- _Requirement_: Could every line of the listing be output exactly, with the pictures skipped?

- _Data provided_:
-=-=-

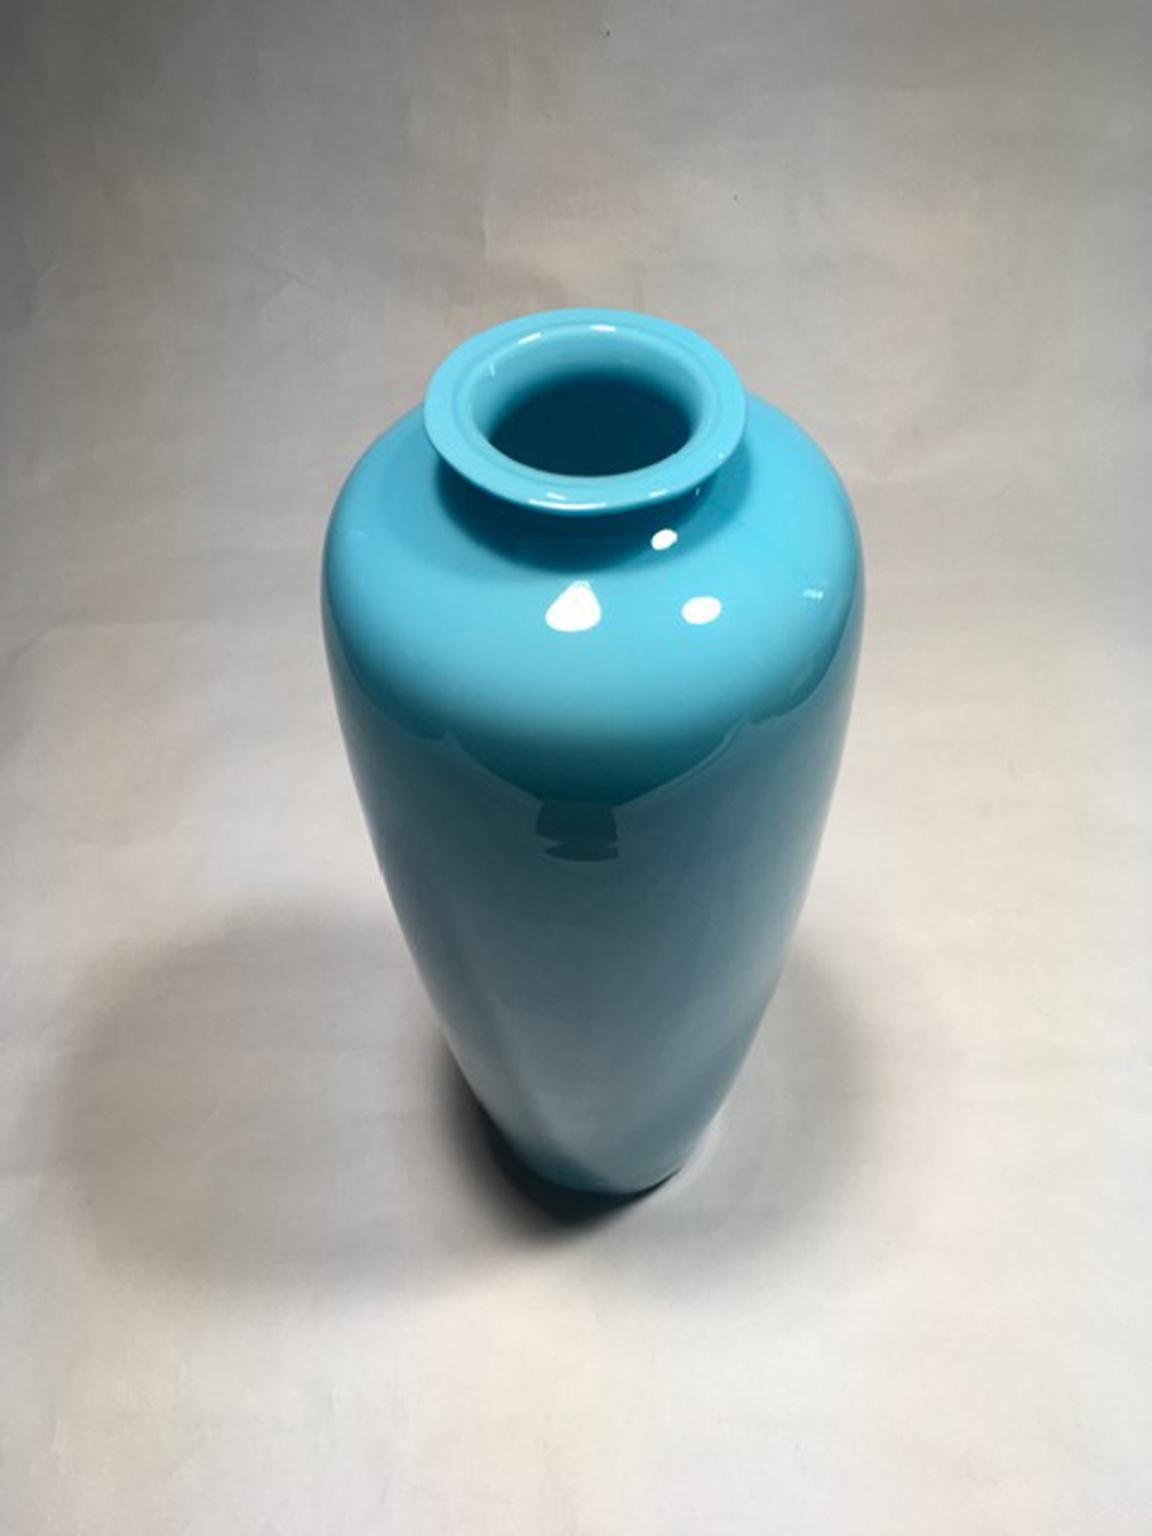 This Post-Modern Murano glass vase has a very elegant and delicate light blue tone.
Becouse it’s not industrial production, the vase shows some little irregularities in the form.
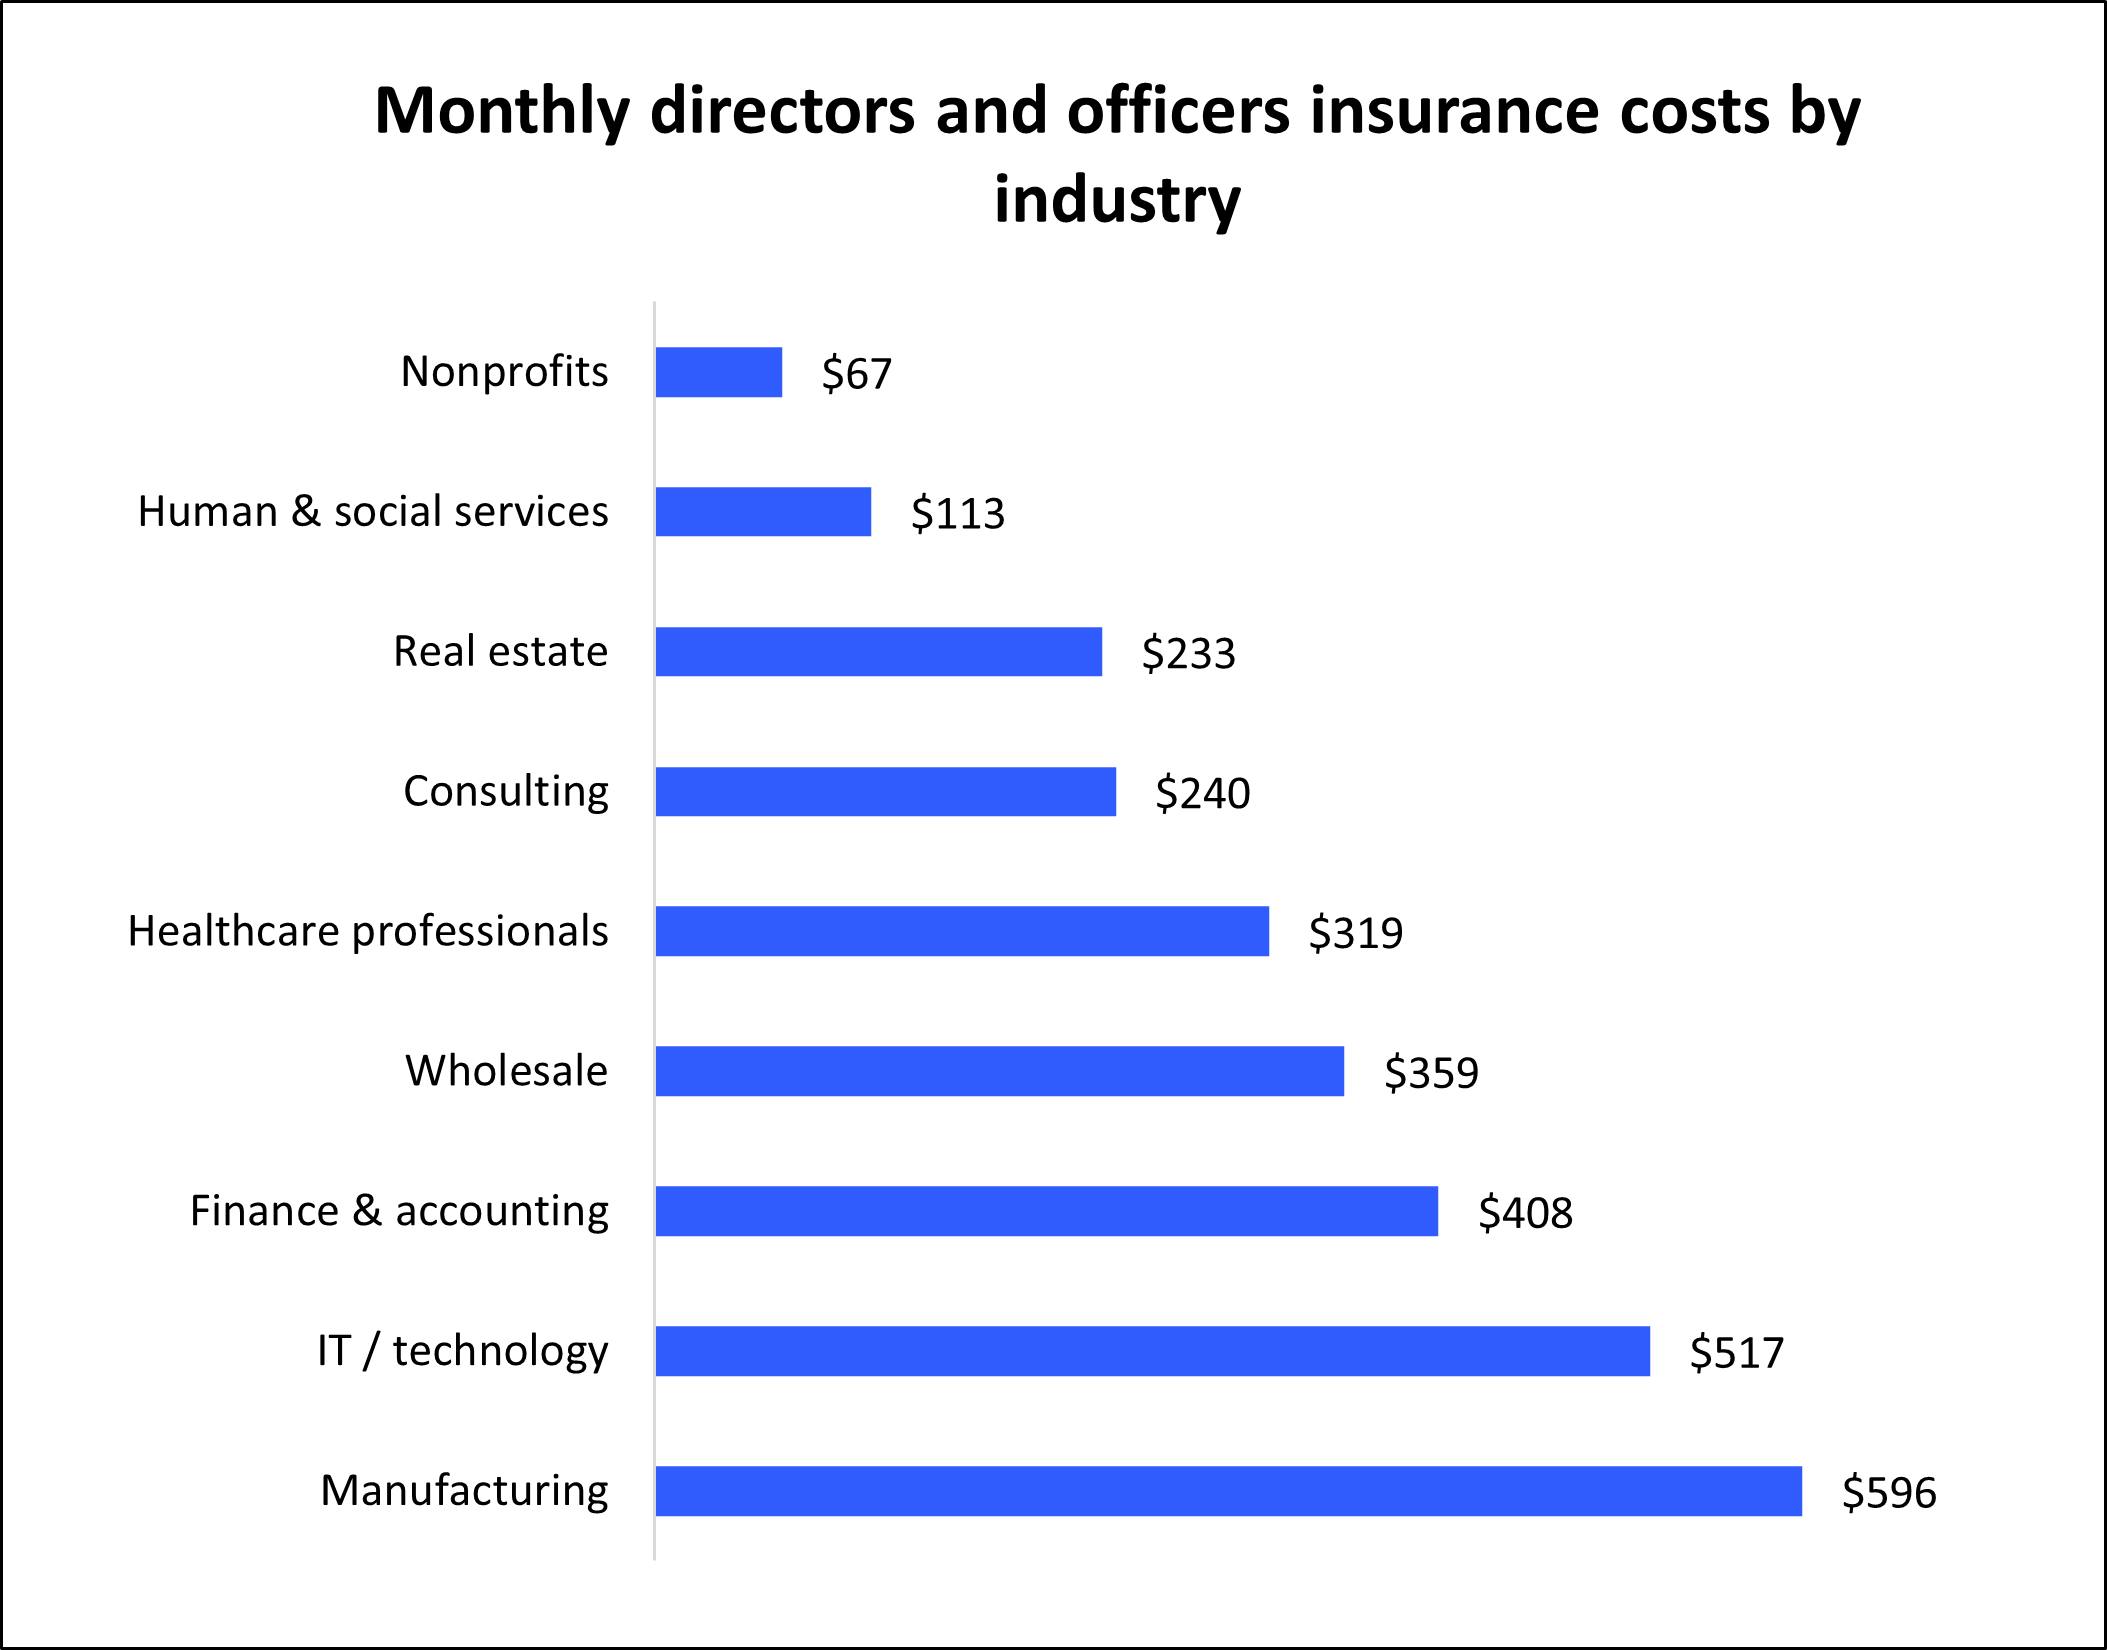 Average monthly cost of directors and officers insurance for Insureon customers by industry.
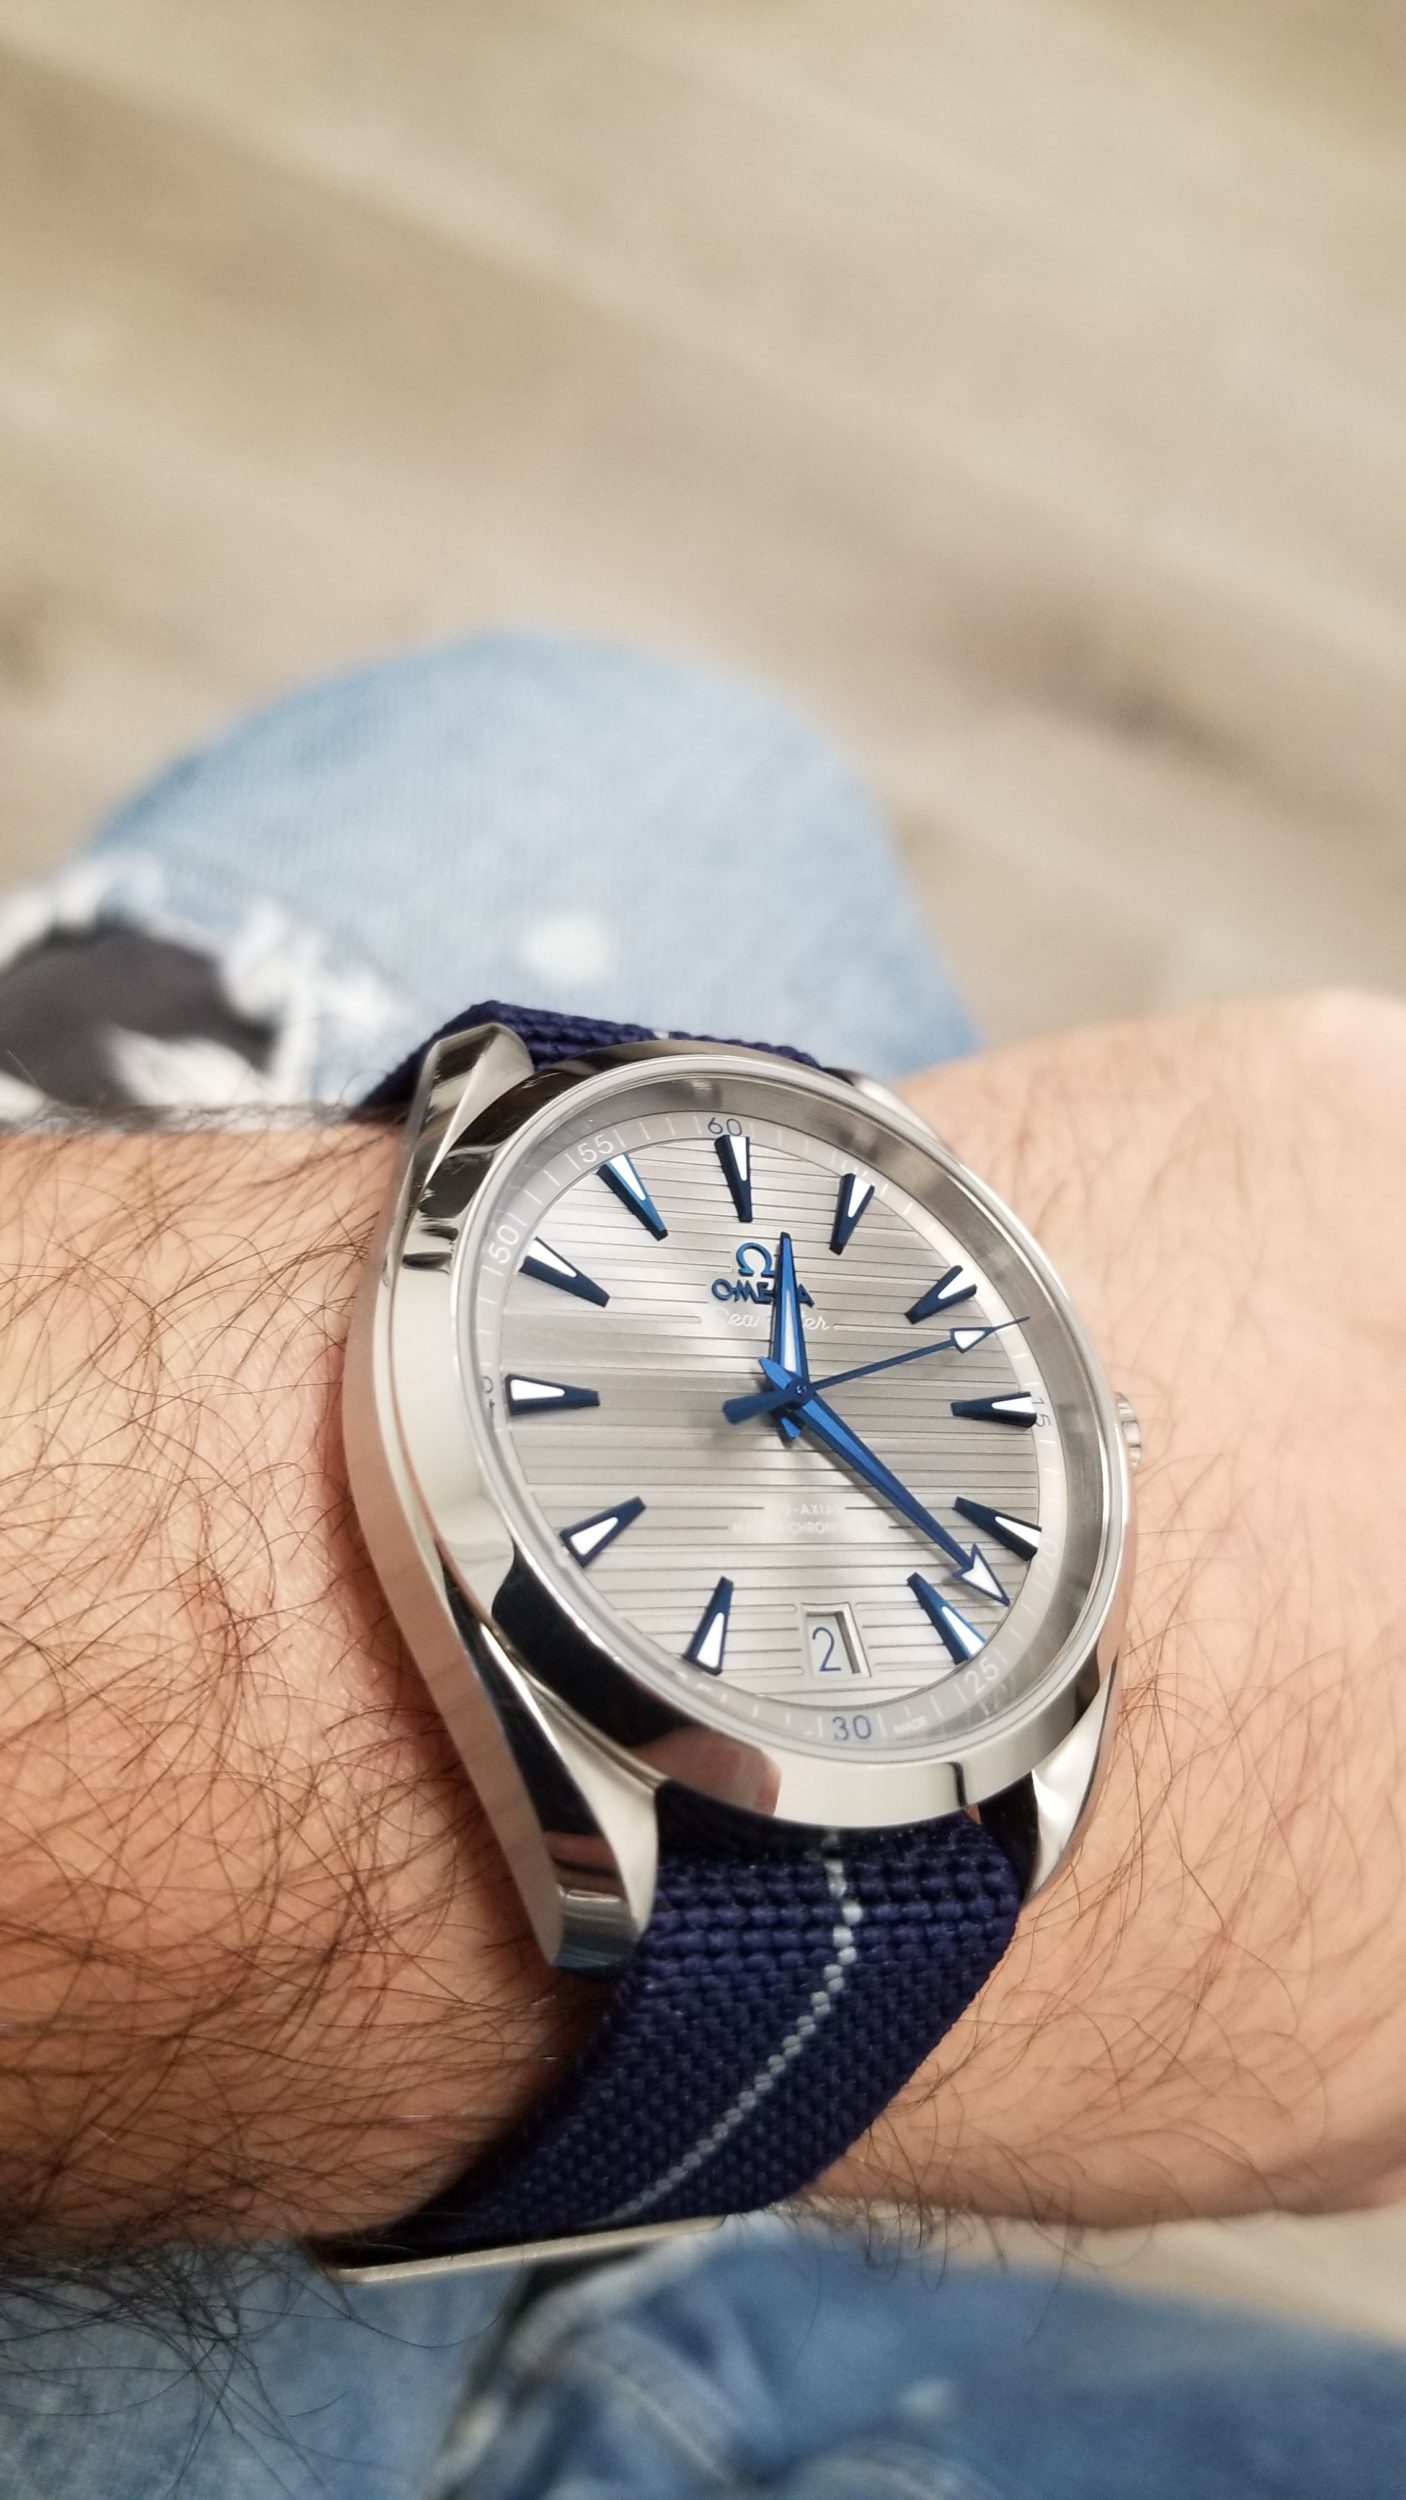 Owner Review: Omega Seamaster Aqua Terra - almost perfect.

-=-=-

- _Task response_:
 This Post-Modern Murano glass vase has a very elegant and delicate light blue tone.
Becouse it’s not industrial production, the vase shows some little irregularities in the form.
 Average monthly cost of directors and officers insurance for Insureon customers by industry.
 Owner Review: Omega Seamaster Aqua Terra - almost perfect.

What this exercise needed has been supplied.